2017年最初のコラムは、「預貯金が遺産分割の対象財産となった」という内容で、お伝えしたいと思います。
こう書くと、「えっ?今まで預貯金は遺産分割する財産じゃなかったの?」と思われるかも知れません。
実は、預貯金については2004年の最高裁の判例等で、「相続が開始すると同時に当然に分割され、各相続人がその相続分に応じて権利を承継する。」となっていたんです。あくまで判例上はですが。(もちろん相続人間で遺産分割することを妨げるものではありませんでした。)

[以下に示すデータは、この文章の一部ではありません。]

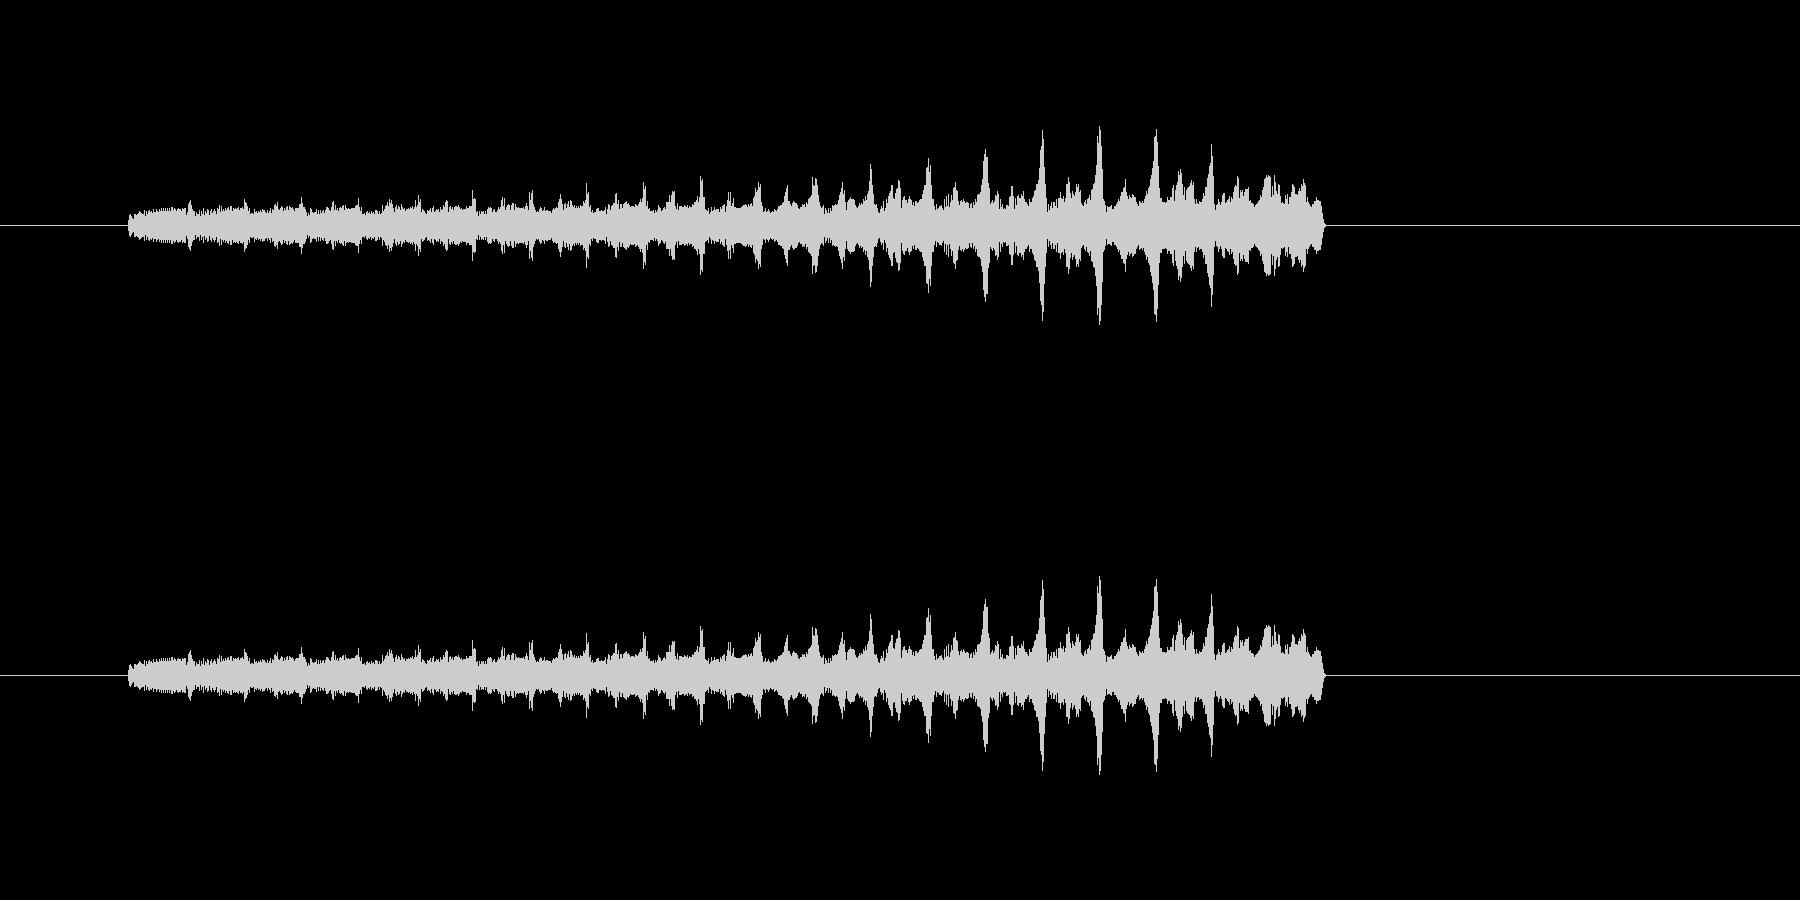 ポップチャージの未再生の波形

ということは、理論上、相続人の方はそれぞれ自分の相続分に相当する額であれば、銀行等で一人で引き出す手続をすることができたということだったのですが、実際上、そういう手続に応じていた金融機関は非常にまれでした。これは、金融機関側が他の相続人から、「何で勝手に引き出すことを許したのか?」と言われて訴えられたりするリスクを回避するためでありました。要は、判例と、金融実務では異なる取り扱いがされていたのです。

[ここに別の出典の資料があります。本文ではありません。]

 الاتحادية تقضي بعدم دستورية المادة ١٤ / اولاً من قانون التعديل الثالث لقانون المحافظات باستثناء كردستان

このたび、2016年12月19日に最高裁では、これまでの判例を変更して、預貯金も遺産分割の対象となるという判断をしました。このことによって、ごく少数派であった、各別の相続人からの引き出し手続きに応じていた金融機関も、取扱いを変更することは必至となりました。
金融機関は口座名義人の死亡を把握すると同時に、その口座を凍結してしまうのが通常です。その口座を解約したり、名義変更を行う場合は遺言や、遺産分割協議書、戸籍謄本等をそろえなければなりません。亡くなられた方の資産で生活している相続人がいるような場合、亡くなられた方がなんの対策も講じていないと、生活ができなくなったりすることも想定されるので、くれぐれも遺言や民事信託などの準備をして、相続人がスムーズに預貯金を引き出すことができるよう手配をしてあげて頂きたいと思います。